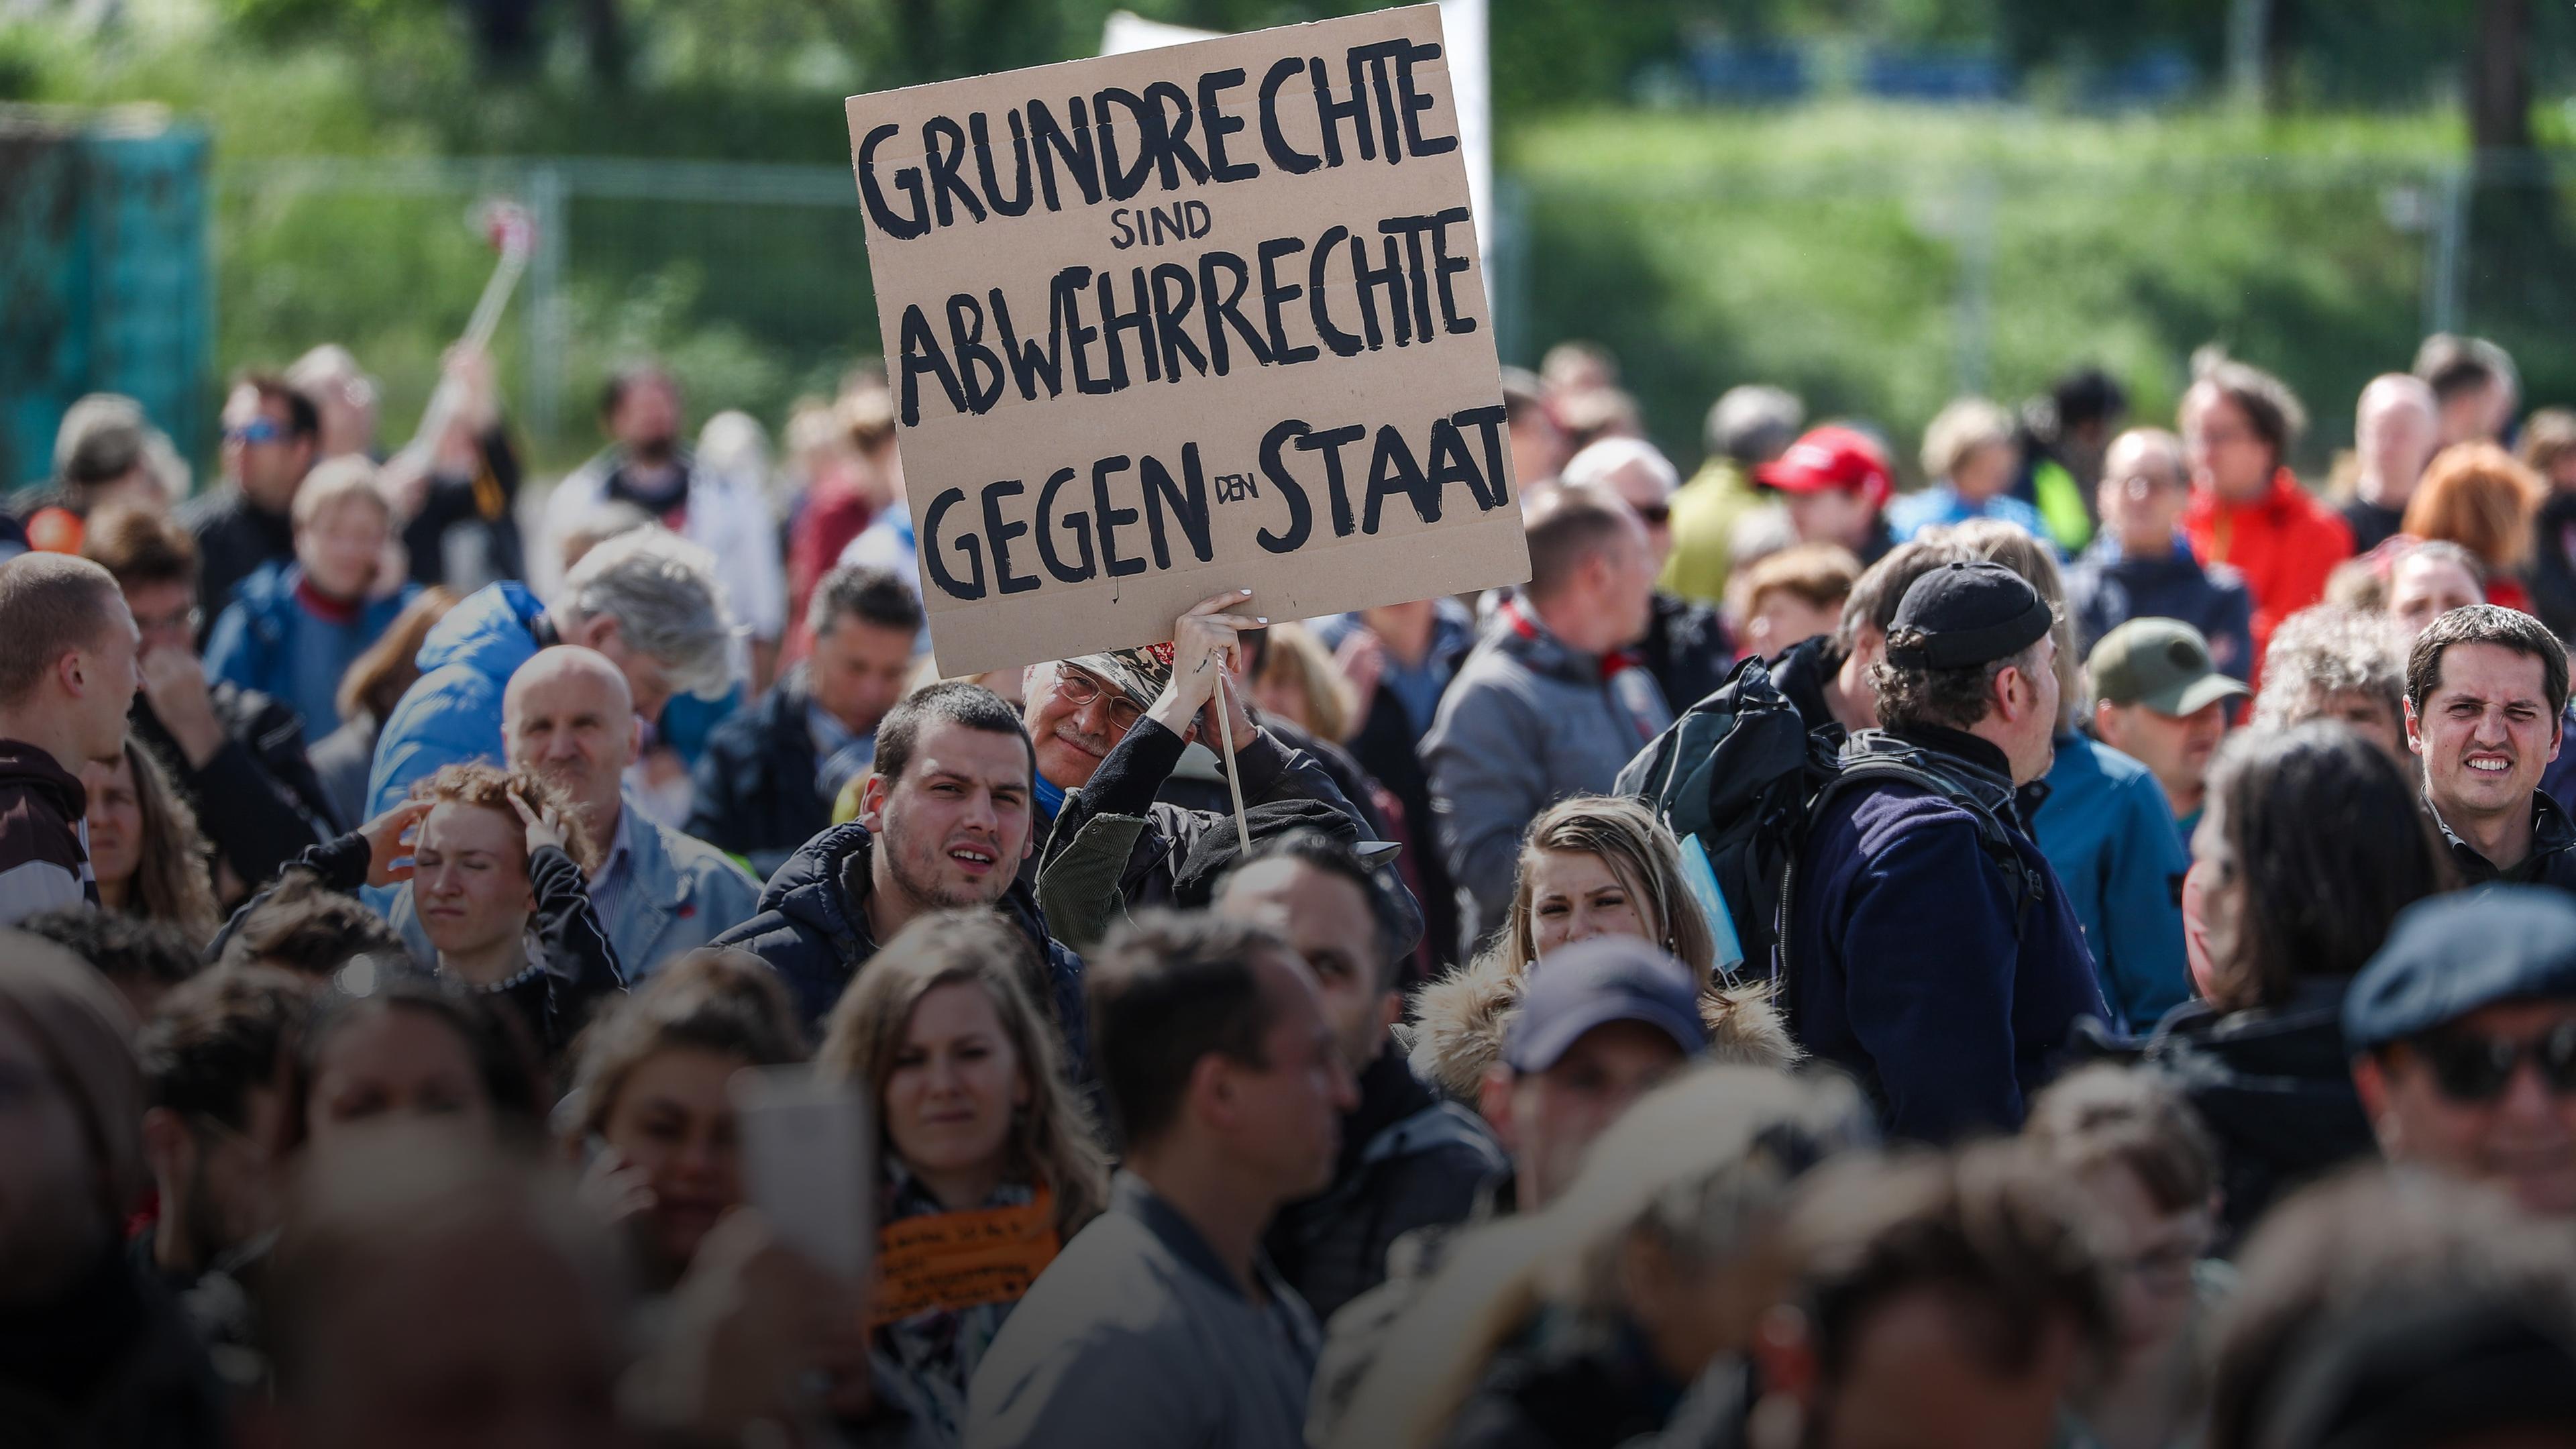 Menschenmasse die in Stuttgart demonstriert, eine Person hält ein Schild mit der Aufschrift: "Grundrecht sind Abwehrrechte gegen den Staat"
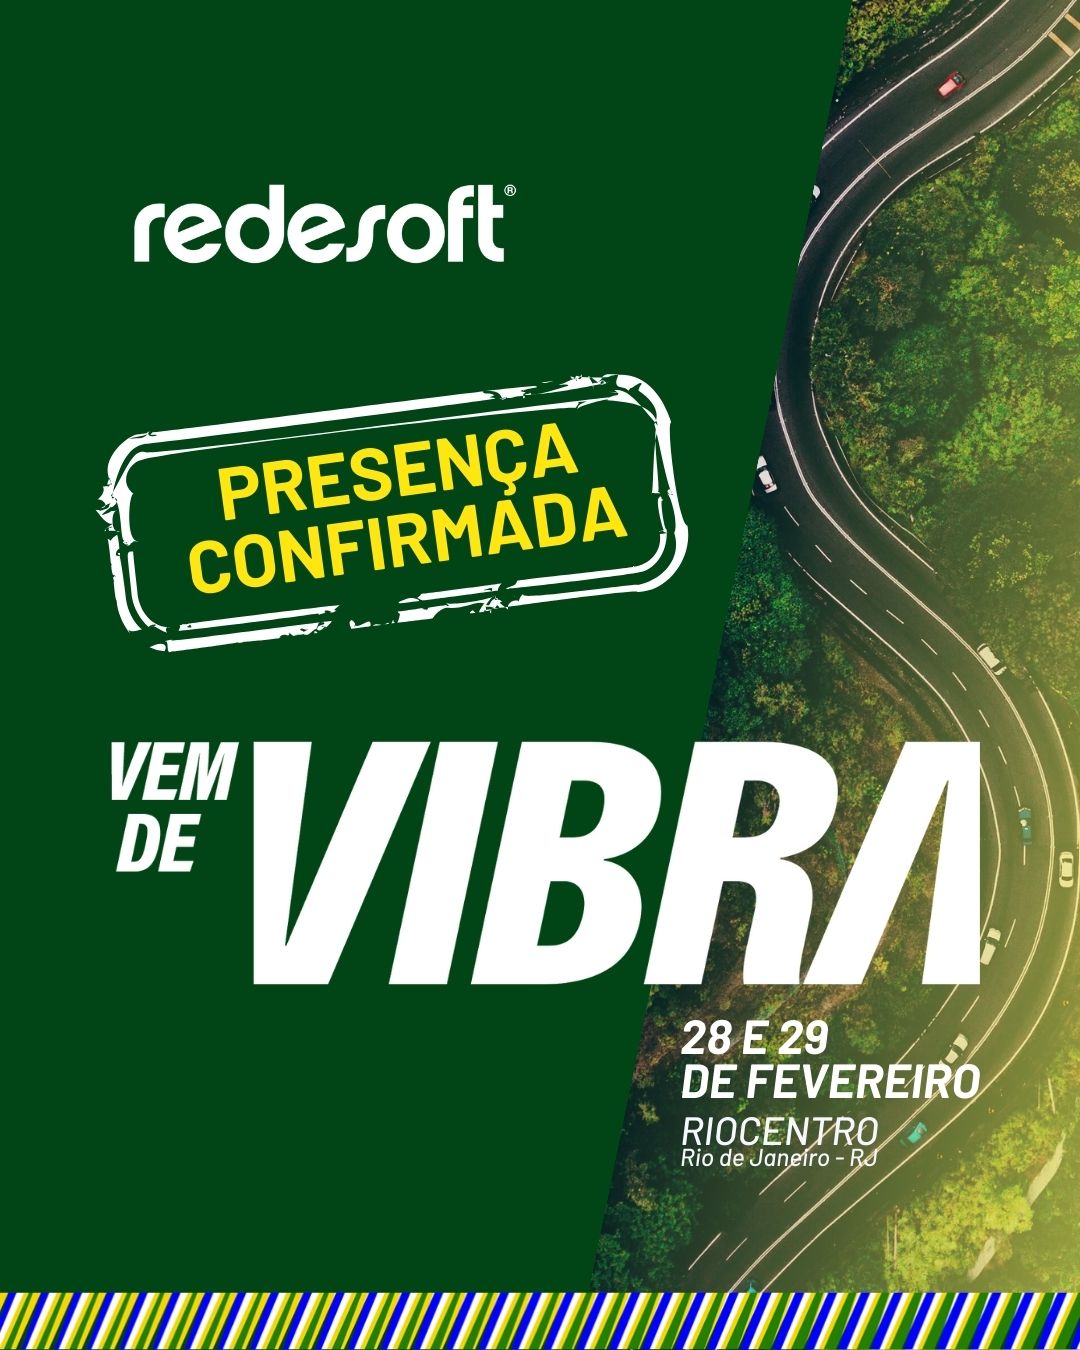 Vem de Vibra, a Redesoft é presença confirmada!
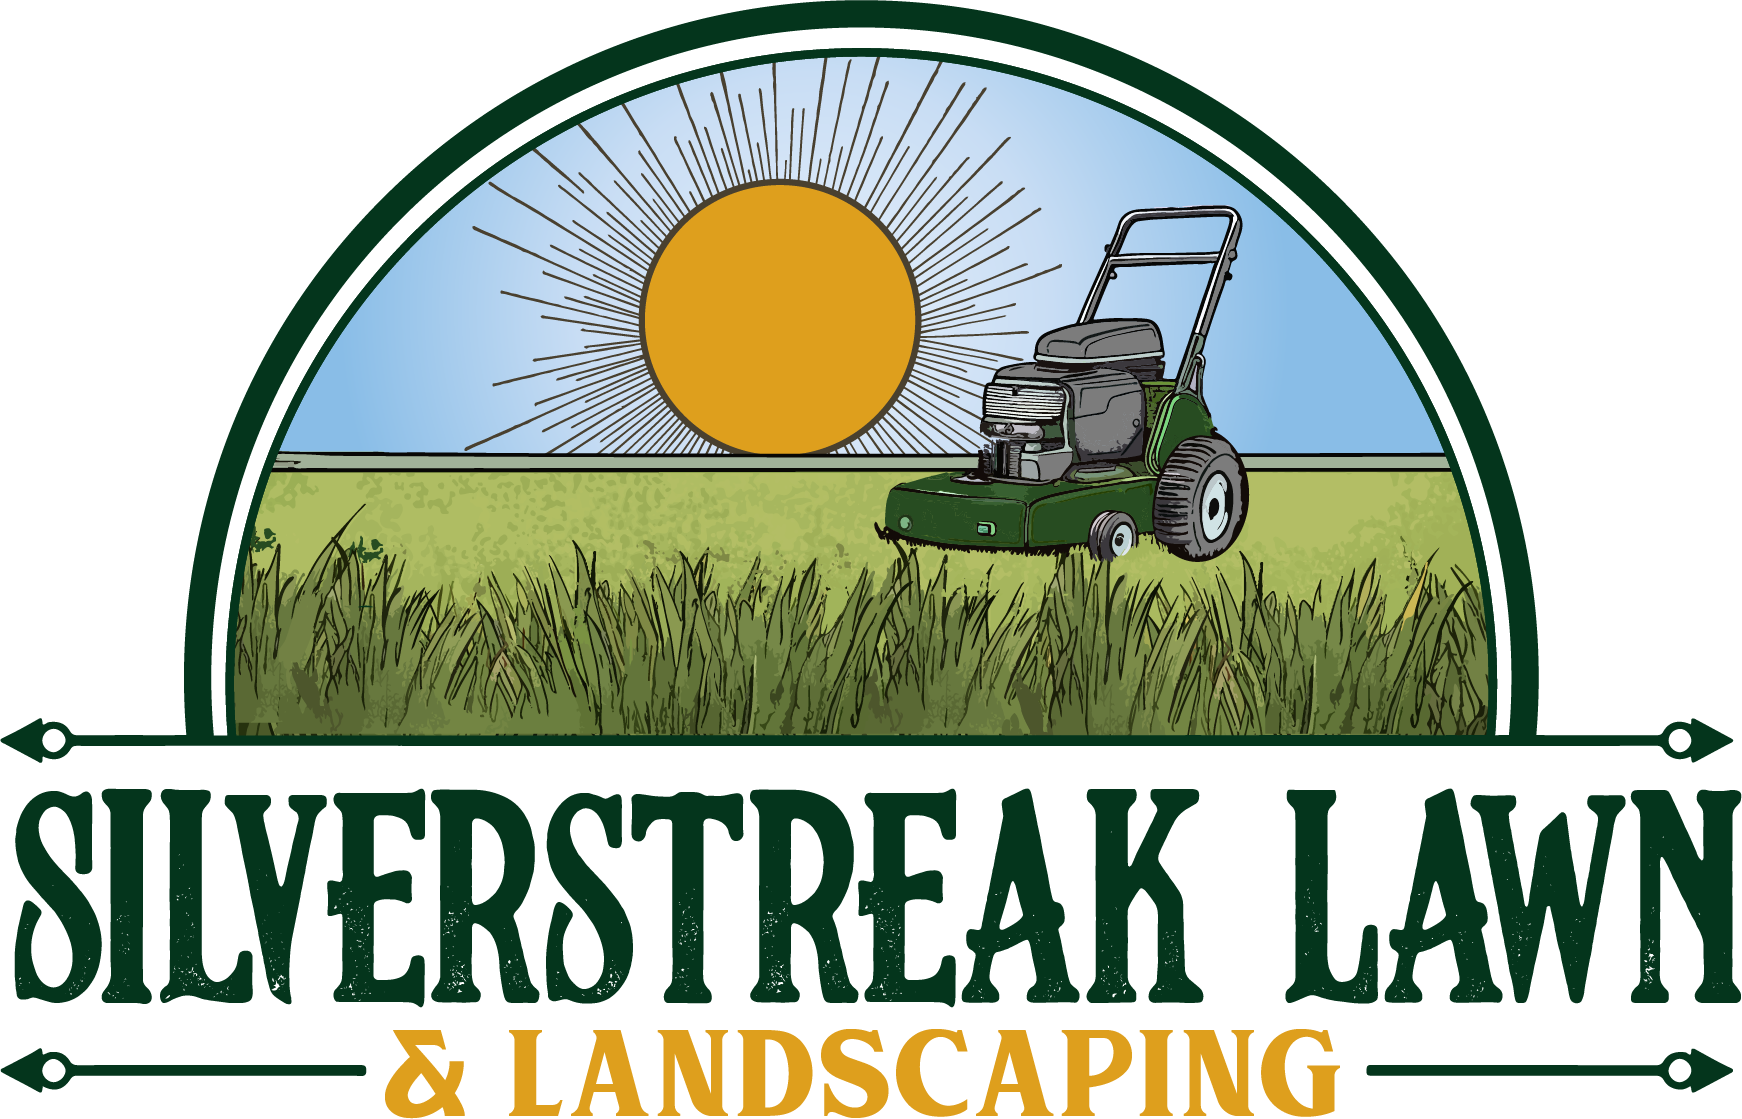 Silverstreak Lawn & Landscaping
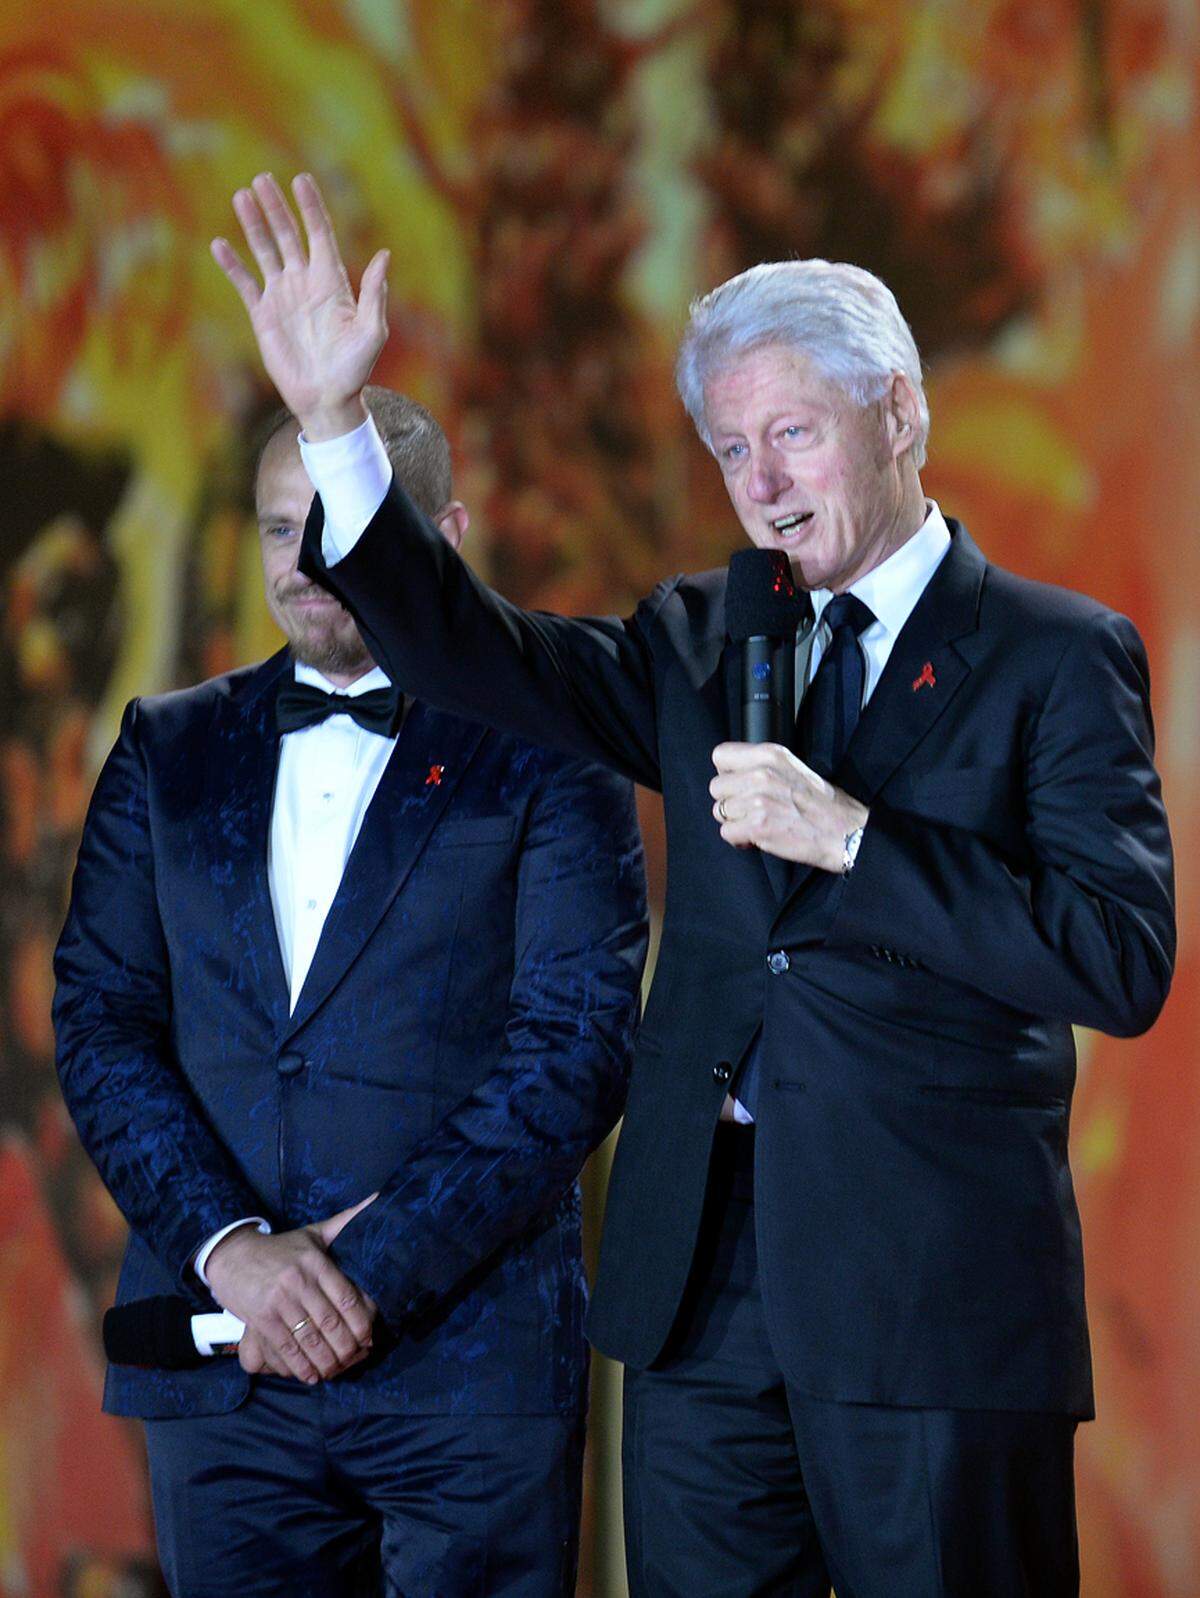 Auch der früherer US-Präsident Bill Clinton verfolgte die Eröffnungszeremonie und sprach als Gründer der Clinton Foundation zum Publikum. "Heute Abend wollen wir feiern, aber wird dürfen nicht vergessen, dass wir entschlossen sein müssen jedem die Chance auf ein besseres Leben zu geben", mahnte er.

#### PROBLEM TO SOLVE:
Make an exact copy of the data, leaving its pictures out.

#### ANSWER TO THIS TASK:
 Menschenmasse die in Stuttgart demonstriert, eine Person hält ein Schild mit der Aufschrift: "Grundrecht sind Abwehrrechte gegen den Staat"
 Vem de Vibra, a Redesoft é presença confirmada!
 Silverstreak Lawn & Landscaping
 Auch der früherer US-Präsident Bill Clinton verfolgte die Eröffnungszeremonie und sprach als Gründer der Clinton Foundation zum Publikum. "Heute Abend wollen wir feiern, aber wird dürfen nicht vergessen, dass wir entschlossen sein müssen jedem die Chance auf ein besseres Leben zu geben", mahnte er.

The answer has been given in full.